- Opening Delimiter -

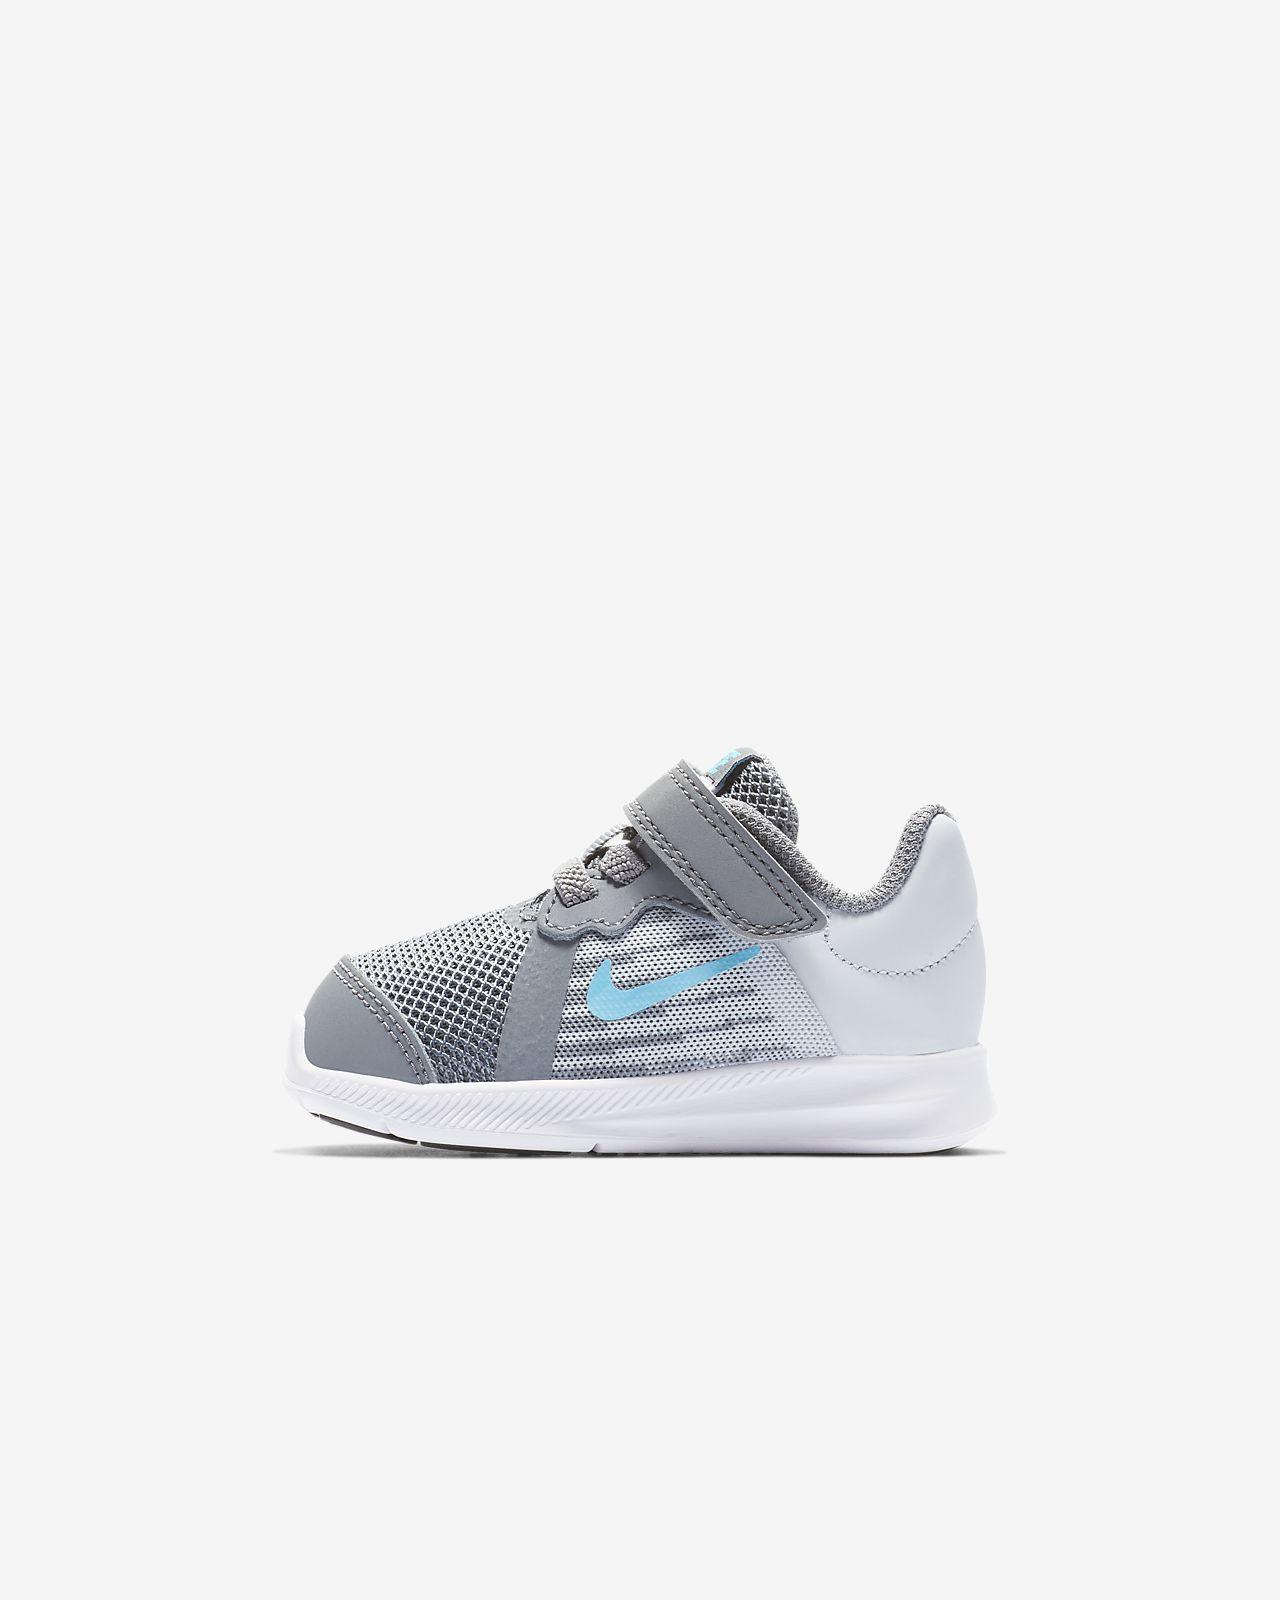 5339b9bc8c Nike Downshifter 8 Baby & Toddler Shoe. Nike.com AU
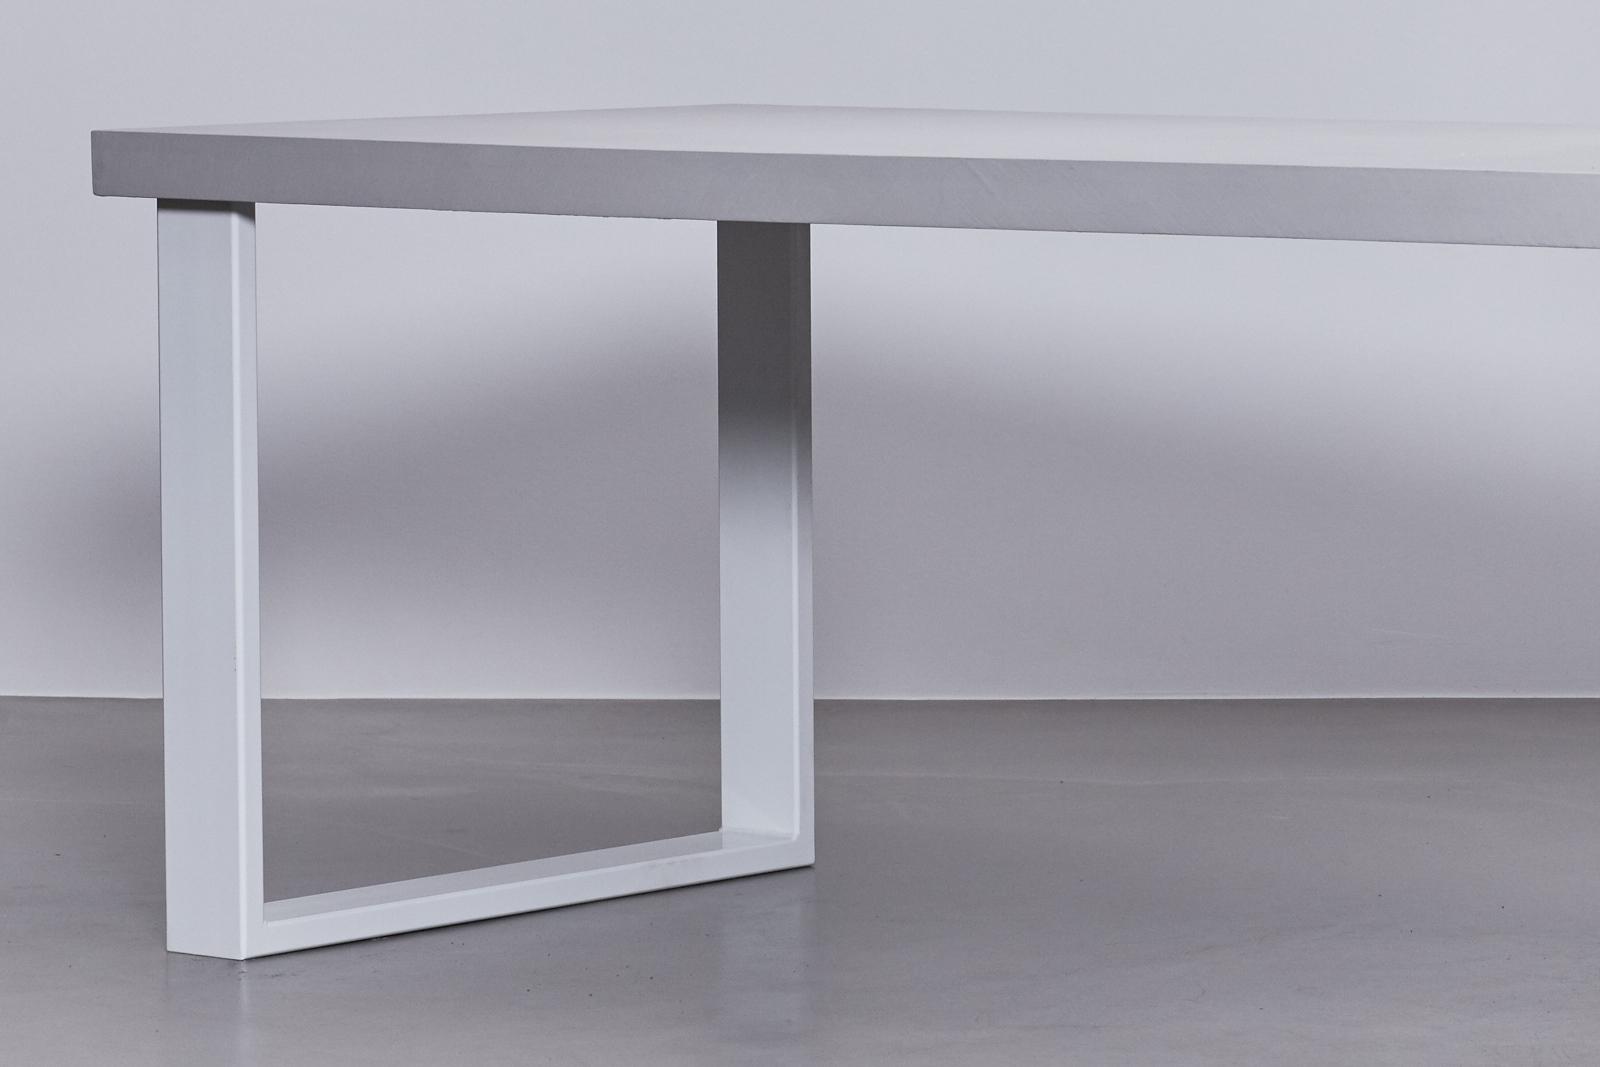 Betonlook Tafel  u2013 Onderstel Staal Wit  u2013 De Betonfabriek
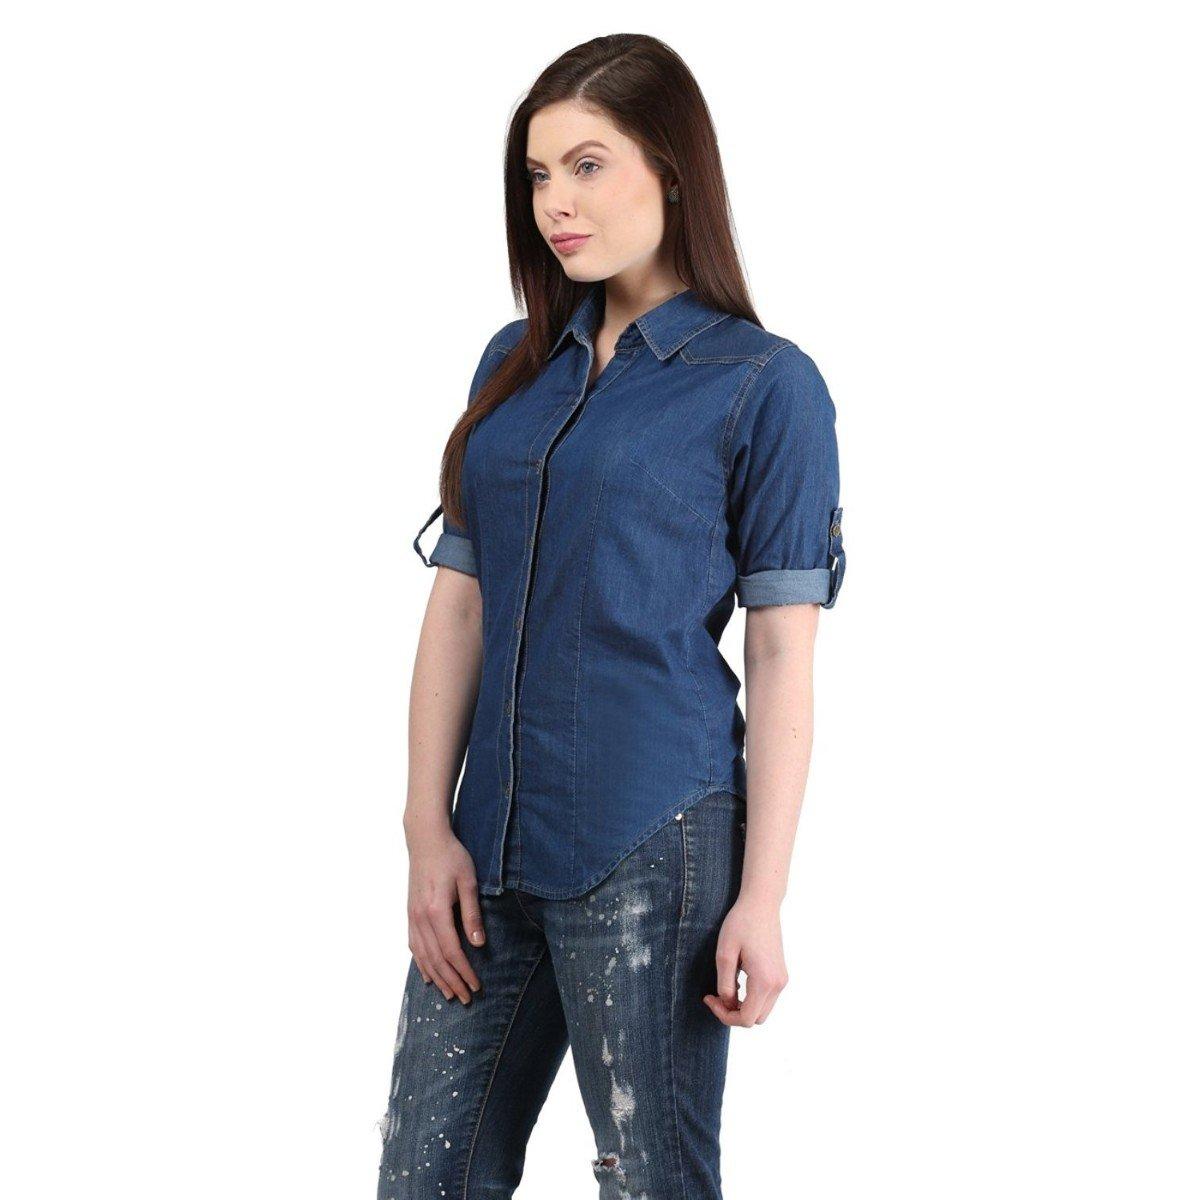 9c8c2ebb80 DIMPY GARMENTS BuyNewTrend Denim Shirt for Women Girls  Amazon.in  Clothing    Accessories
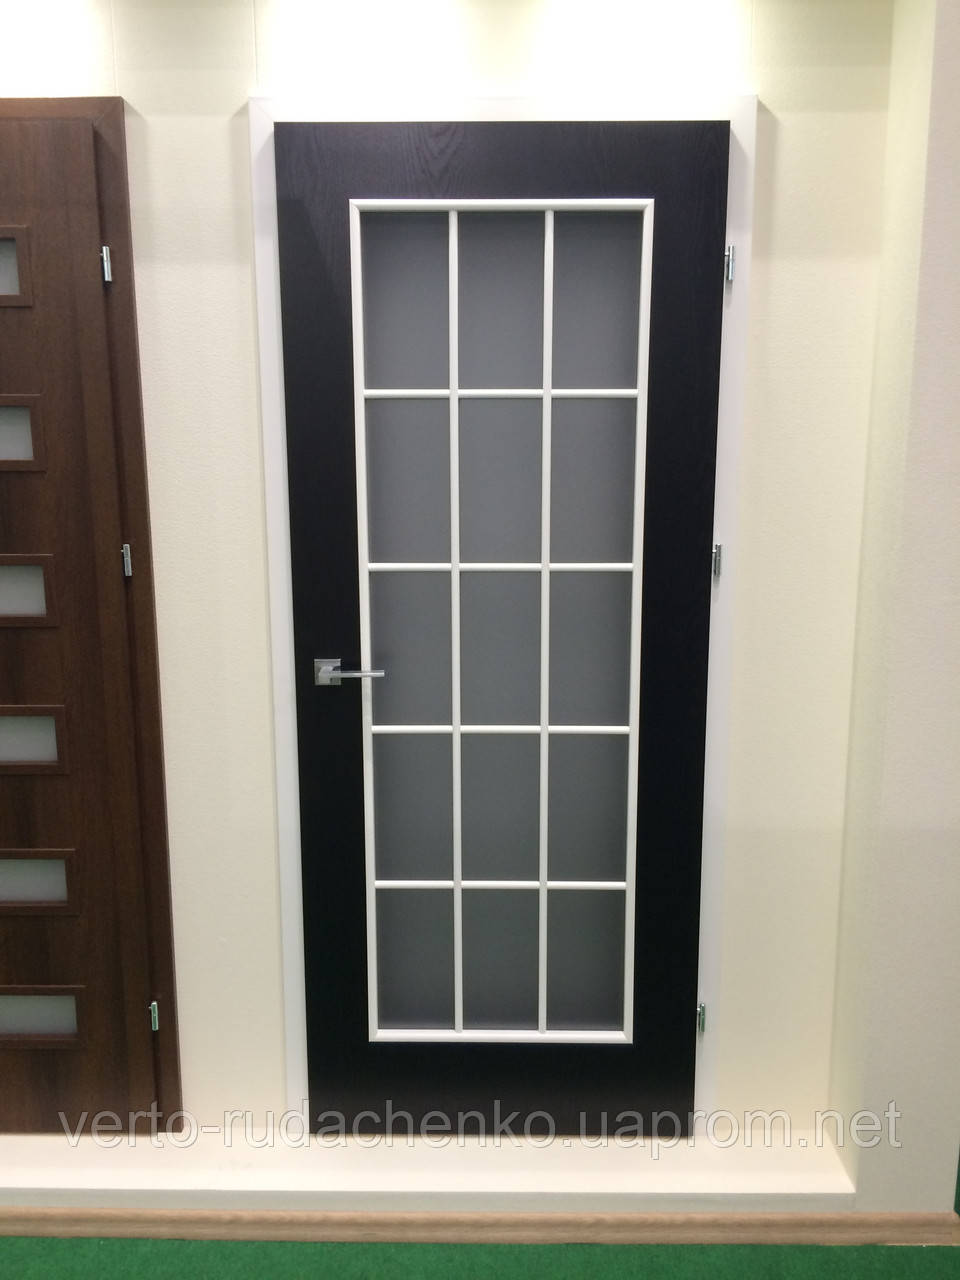 Двери Verto Стандарт 2Б цвет Венге «Симплекс»
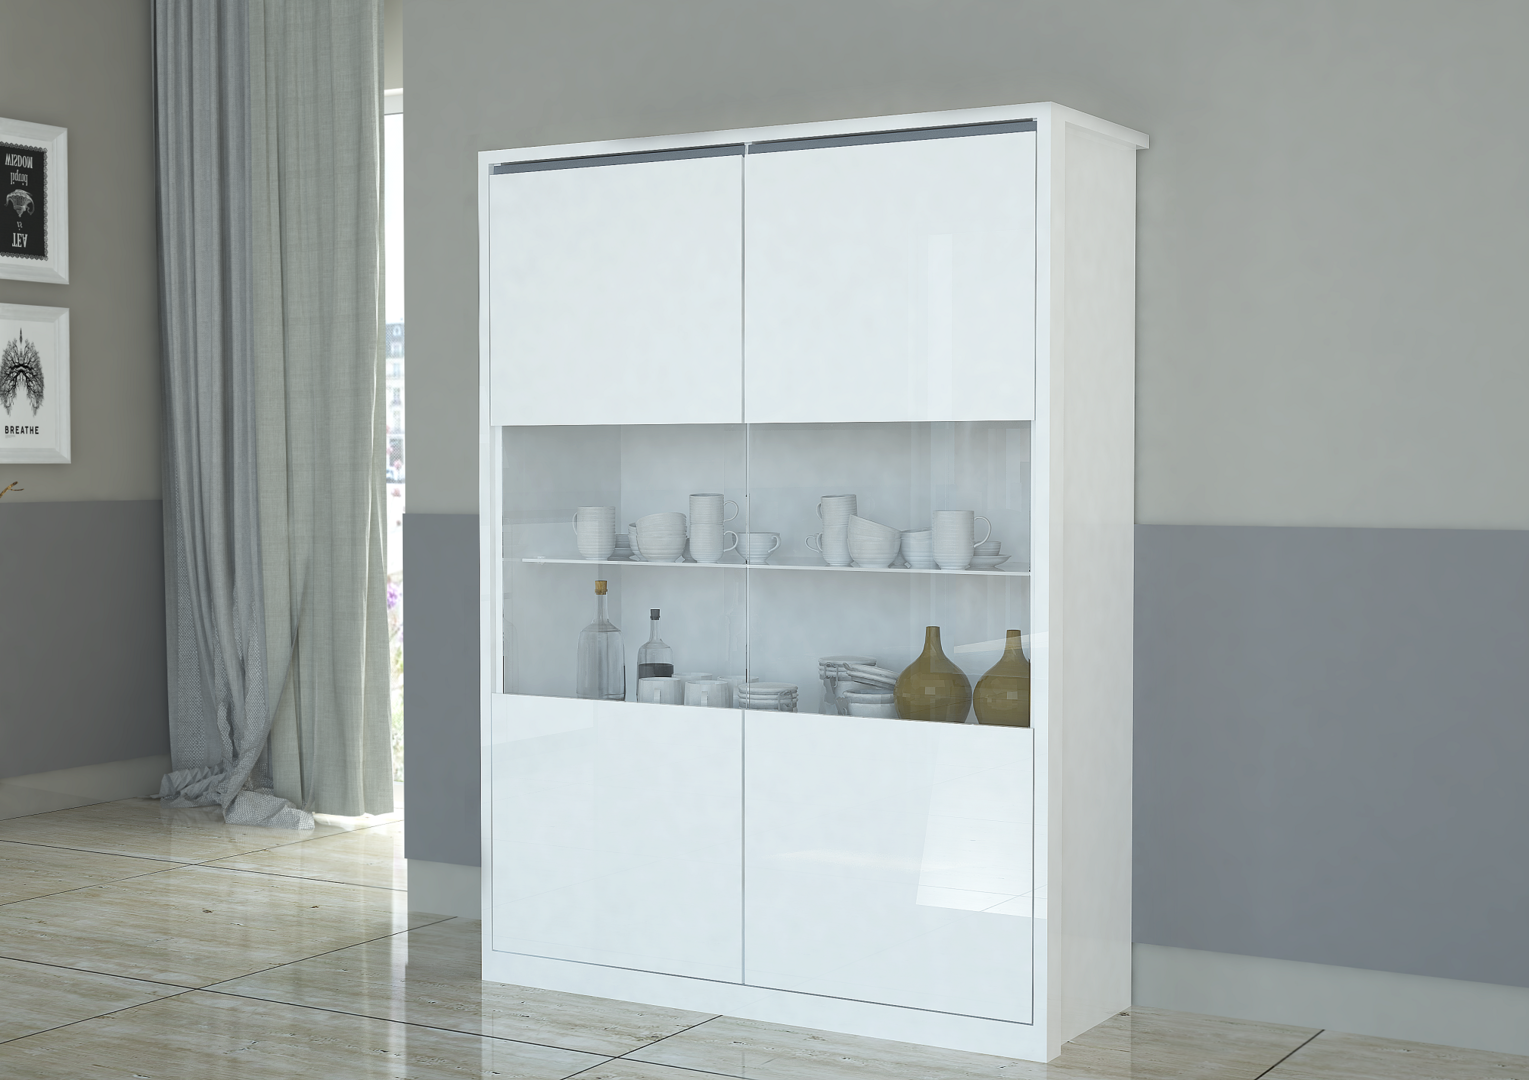 Vetrina moderna avana credenza bianca mobile soggiorno for Mobile soggiorno bianco

- Closing Delimiter -

▶ [TASK STATEMENT]: With the images omitted, output all entries exactly as given.

▶ [RESPONSE BOX]:
 5339b9bc8c Nike Downshifter 8 Baby & Toddler Shoe. Nike.com AU
 Betonlook Tafel  u2013 Onderstel Staal Wit  u2013 De Betonfabriek
 9c8c2ebb80 DIMPY GARMENTS BuyNewTrend Denim Shirt for Women Girls  Amazon.in  Clothing    Accessories
 Двери Verto Стандарт 2Б цвет Венге «Симплекс»
 Vetrina moderna avana credenza bianca mobile soggiorno for Mobile soggiorno bianco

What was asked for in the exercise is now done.